I took the 350VA back and got a APC 600 VA unit. Stevel, should this unit be ok for the two units? Also, I have two DVD recorders I'm going to hook into the surge protection only outlets, along with my home theatre system. I hear I can do that on the surge only outlets without effecting the runtime on the directivos. Both dvd recorders and the home theatre I have service contracts on, so I really only want the surge protection on those.


----------



## newsposter (Aug 18, 2002)

And if you have an OTA amp also  Still didn't get one rigged up in my attic yet. Ok a bit extreme, i agree


----------



## stevel (Aug 23, 2000)

600VA is ok for two DTiVos. Really, the biggest benefit is just getting over the first two seconds of a power outage - anything past that is gravy. An advantage of larger units is that their circuitry tends to be a bit more robust. Some offer voltage regulation, which is not really all that useful for a TiVo but it doesn't hurt.

Using the surge-only outlets for your other devices is fine and has no effect on the runtime.


----------



## DPMGR39 (May 21, 2005)

I dont think this one has AVR. They had a APC1100 at Sams also that does have it. They only had the 600 and the 1100. I just did not need the 1100. I just do alot of recording on my Dtivos. Last weekend I found out I have an impending hard drive problem on my main unit in the livingroom. I run two units in the livingroom. Anyway, I have a unit in the bedroom that was more a backup unit than anything. I moved it to the livingroom, had it already setup the way I wanted it, so all I had to do was plug it up and go. I am retrieving shows from the main unit I had problems with. And sometime later on, when I find a really good deal on a big hard drive, I will take the two drive unit and change it back to a one drive unit. That was the only unit I had two drives in. Sure it can be nice, but with the much larger drives available today, it's just as easy to go with one drive. After all, with two, if a problem arises, you have to figure out first which drive has problems, I really just dont have the time right now to mess with that. I would rather just take one drive check it if I think it might still be usuable, and even if so, I am the type of person who would just get a new drive on sale, put it in for ease of mind, then keep the repaired drive on the shelf as an emergency backup if needed.


----------



## DPMGR39 (May 21, 2005)

Another update to this. Found a 650VA APC at office depot for $49.99 after rebates, thus $10 cheaper than the 600VA I got at sams yesterday. Therefore, I picked up one of these and will take the other one back to sams next time I'm over there. One thing about the two units. They look the same, one is a NS series one is a ES series. Anyone know the difference in that? They also had a 325VA for $15 after rebates. Got one of those as well to plug my daughters DVR into.


----------



## stevel (Aug 23, 2000)

Are you sure about "NS"? The only APC NS series I can find are rack-mounted models meant for protecting servers.
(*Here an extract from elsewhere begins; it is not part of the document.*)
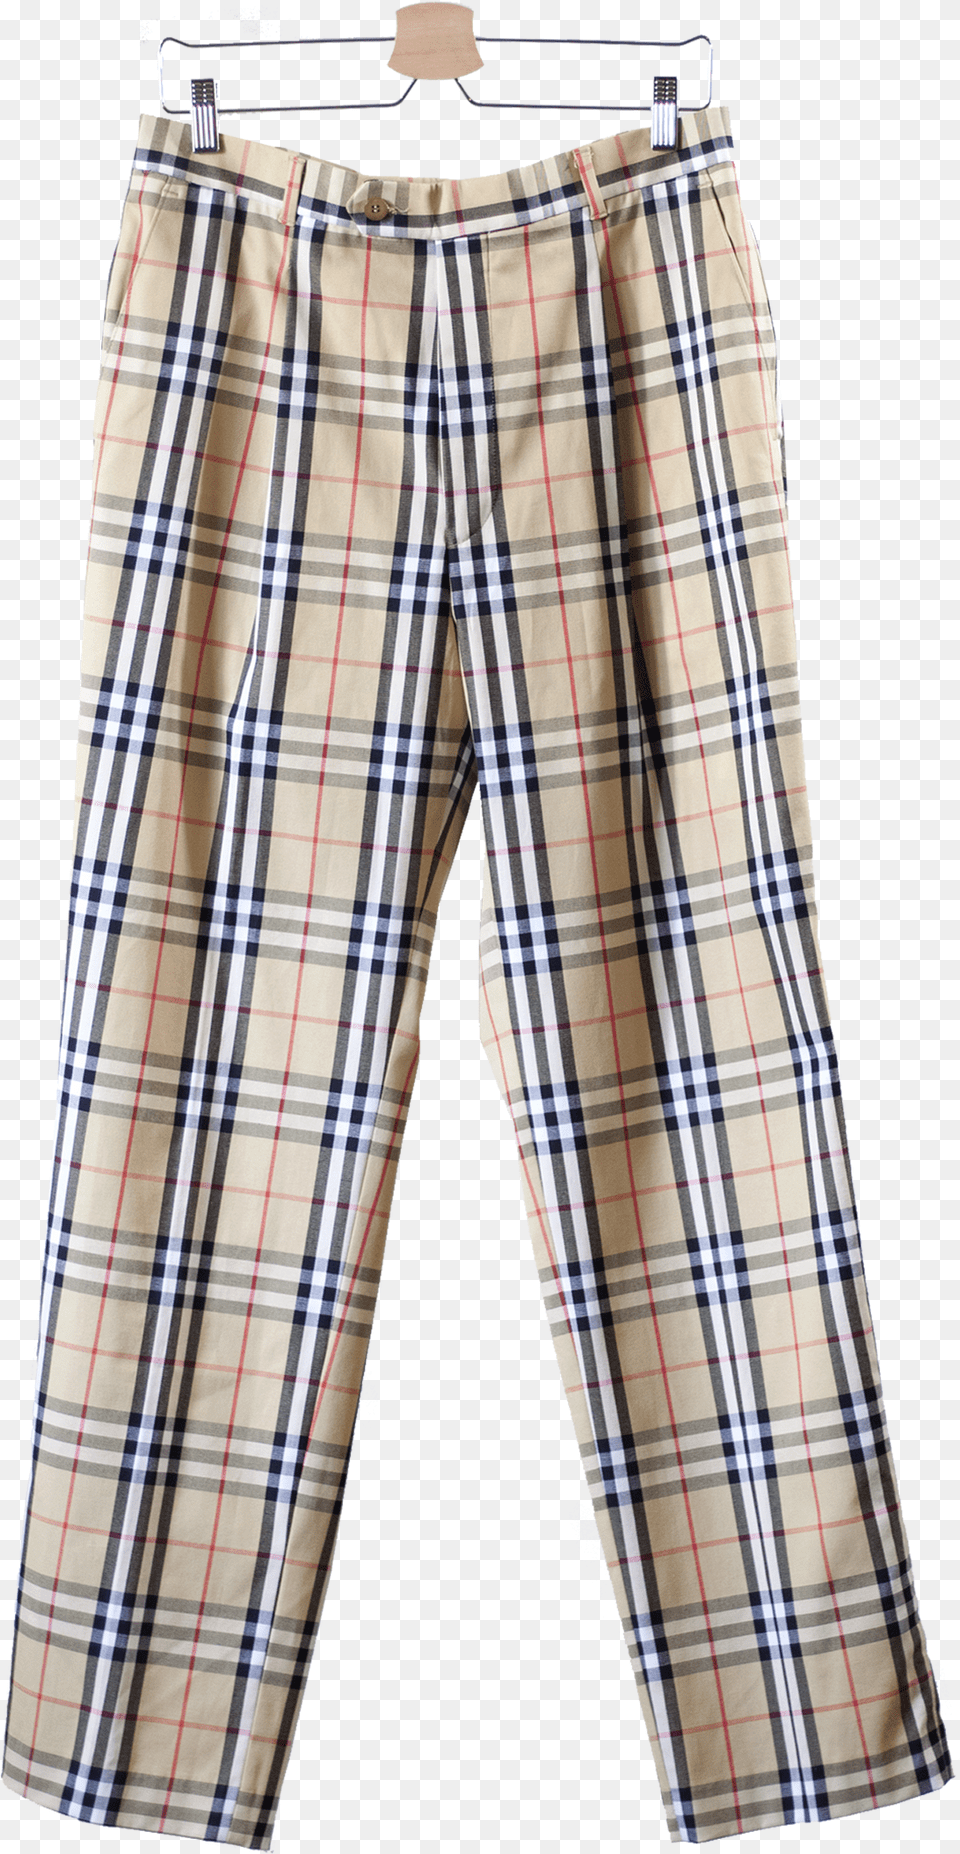 Gents Pant Shirt, Clothing, Shorts Png Image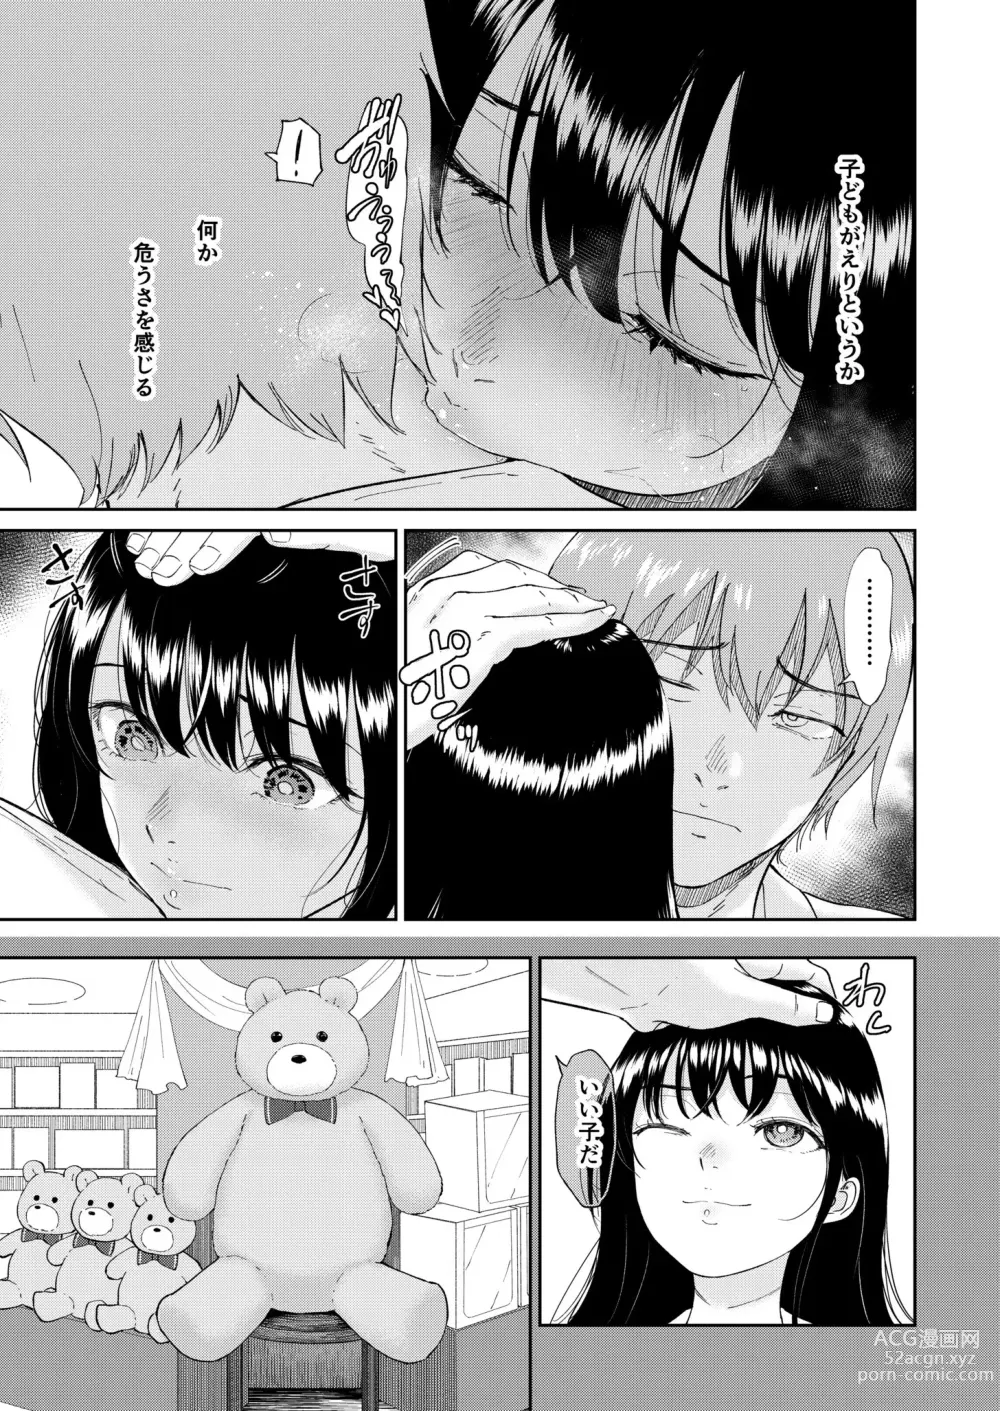 Page 5 of manga Iinarikko 5

"ES" is their current "value" line.


----------



## DPMGR39 (May 21, 2005)

Yes, it does say NS. Everything else on the back of the box looks to be the same except this 650 ES shows something about network protection. 

Another question stevel. I have before used regular surge protectors in the 1700-2000 joule rating or slightly better. I look at the specs on this unit, it says full time 375 joules. How are these units better for surges than the other surge protectors that I mentioned above? I have been research forums, as well as called some places, and from everything I have found, people seem to agree that a regular surge protector does not protect as good as a UPS unless you get a surge protector that you have to spend some pretty good bucks on. 

From what I have found searching on forums, I have read people say even the cheaper UPS units 350VA range are better than regular surge protectors.


----------



## stevel (Aug 23, 2000)

The surge suppression in that model is good enough, especially as it has filtering with "zero clamping time". I wouldn't worry about it.

Odd that I can't find information on the NS model at APC's web site.... I can see that some of the higher-rated ES models have RJ45 protection.


----------



## DPMGR39 (May 21, 2005)

ok, on the 325VA unit I got, as far as surge protection it says full time 1800ep joules. It is the model BE325R. I am planning to put it on my daughters dtivo. I dont know quite as much about these. Do you think those are better than the regular surge protectors?


----------



## newsposter (Aug 18, 2002)

years ago, belkin had a code 1234 or 12345 that would get you 1/2 off their web prices. Not sure if it works yet though. I'm 2+ years on my belkin 1200 and 1000 and am very pleased.


----------



## stevel (Aug 23, 2000)

A UPS, any UPS, is better for a TiVo than a plain surge suppressor, no matter how good.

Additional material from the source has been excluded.